- 1 stick (4 ounces) unsalted butter, at room temperature
- 1 1/3 cups packed light brown sugar
- 2 large eggs, at room temperature
- 1/3 cup pure maple syrup
- 2 1/2 cups cake flour
- 1 1/2 teaspoons cinnamon
- 1 teaspoon baking powder
- 1 teaspoon baking soda
- 1 teaspoon ground allspice
- 3/4 teaspoon ground ginger
- 1/2 teaspoon salt
- 1 cup buttermilk
- 2/3 cup sugar
- 2 1/2 cups cold heavy cream
- 2 tablespoons confectioners' sugar
- Assemble the cake Preheat the oven to 350°. Line the bottom of two 8-by-2-inch round cake pans with wax paper and grease the paper thoroughly.
- In a large bowl, using an electric mixer, cream the butter with the brown sugar until fluffy. Add the eggs one at a time, beating well after each addition. Beat in the maple syrup.
- In a medium bowl, whisk the cake flour with the cinnamon, baking powder, baking soda, allspice, ginger and salt. Mix the dry ingredients into the batter in three additions, alternating with the buttermilk.
- Scrape the batter into the prepared pans and smooth the top. Bake the cakes in the bottom third of the oven for about 35 minutes, or until a cake tester inserted in the center comes out clean. Let the cakes cool for 15 minutes, then remove the cakes from the pans, peel off the wax paper and place right side up on racks to cool completely.

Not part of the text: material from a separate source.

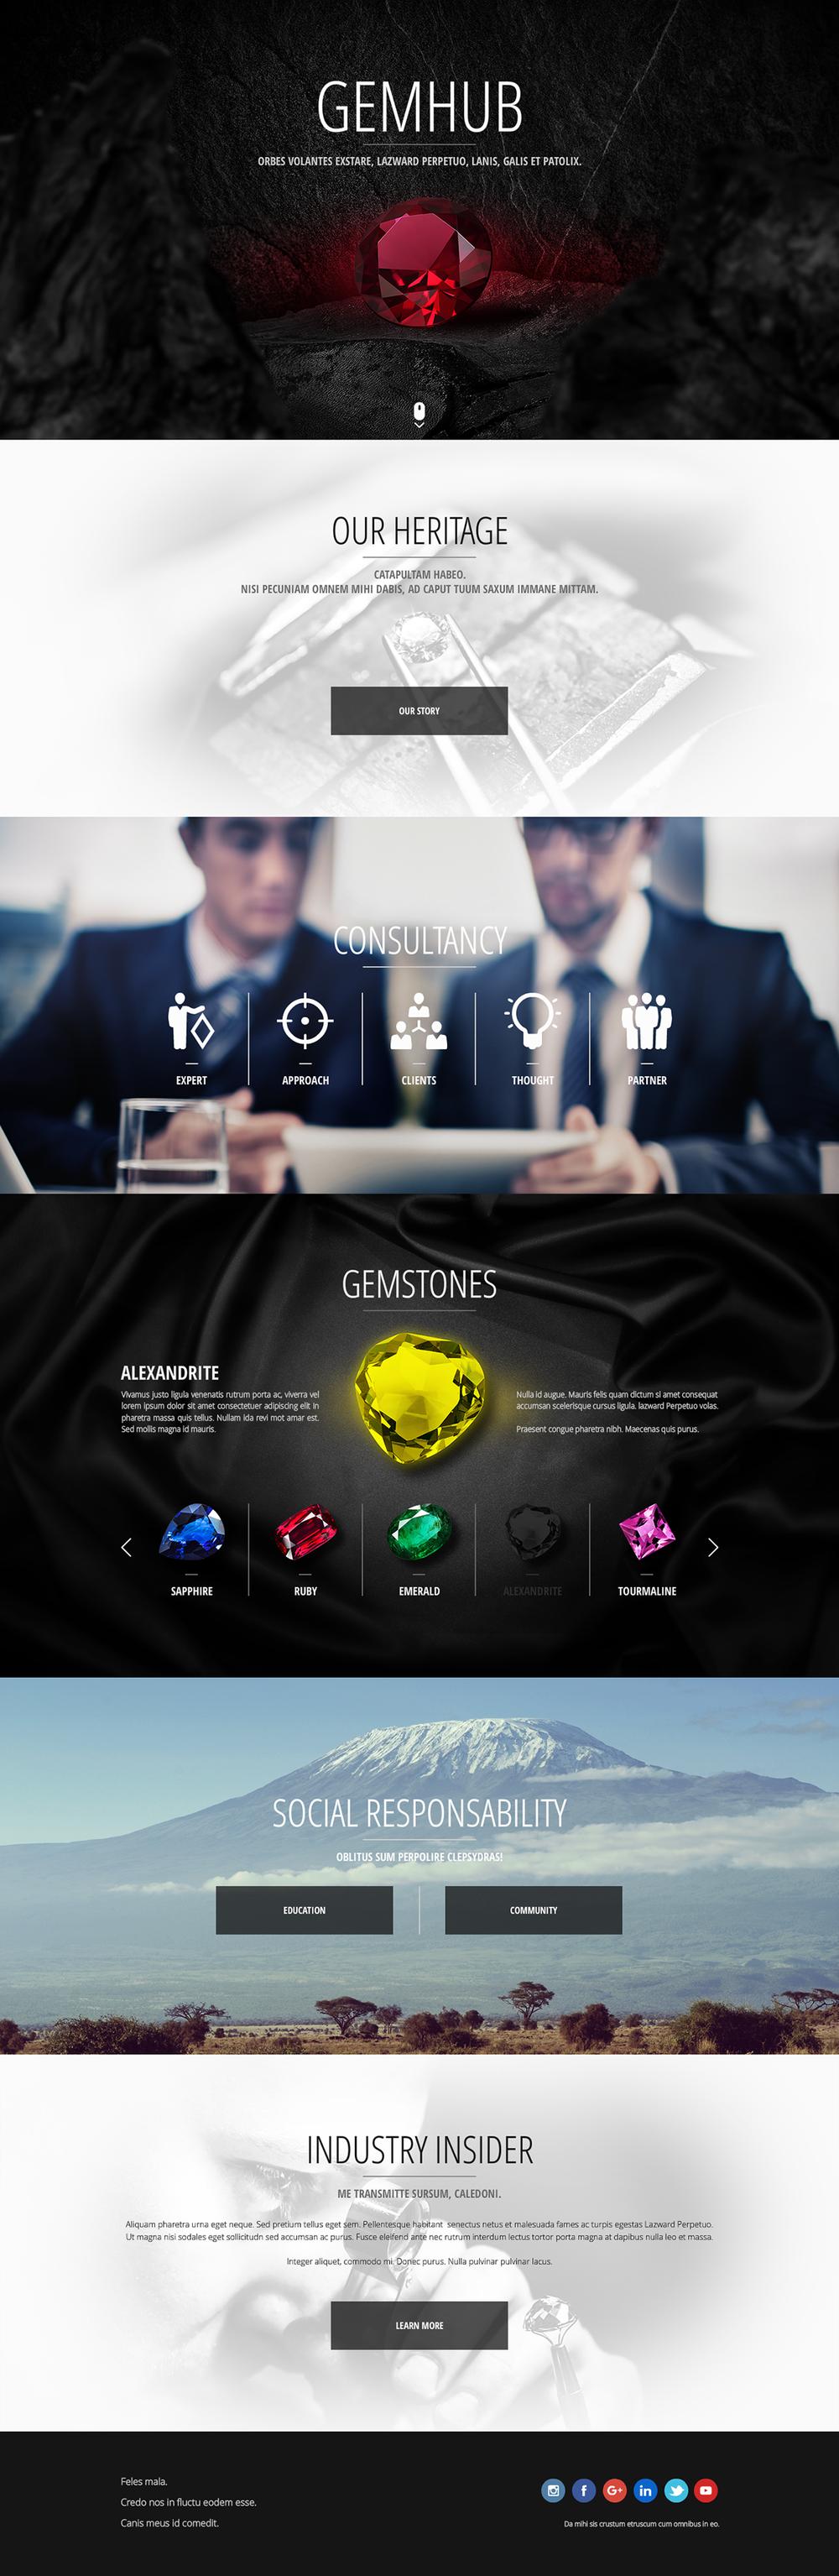 W_Web_GEMHUBwebsite0101.png

- In a medium saucepan, combine the sugar and 3 tablespoons of water. Bring to a boil over moderately high heat, brushing down the sides of the pan with a wet pastry brush. Let the syrup boil until it turns a medium amber color, about 5 minutes; swirl the pan gently to blend the color. Remove from the heat and carefully pour in 1/2 cup of the cream; stand back to avoid splatters. Stir with a wooden spoon until blended and smooth. Let cool completely.
- Beat the remaining 2 cups cream with the confectioners' sugar until firm. Fold 1/2 cup of the caramel into the cream in two additions.
- Place one cake layer right side up on a cake platter. Spread 1 cup of the caramel cream on top. Cover with the second cake layer, bottom side up. Spread the sides and top of the cake with the remaining caramel cream. Drizzle the remaining caramel in zigzags over the top of the cake. To serve, slice gently with a serrated cake knife.
The cakes can be baked 1 day ahead; wrapped in plastic and stored at room temperature. The caramel can be kept at room temperature for up to 4 hours. The assembled cake can be refrigerated for up to 3 hours.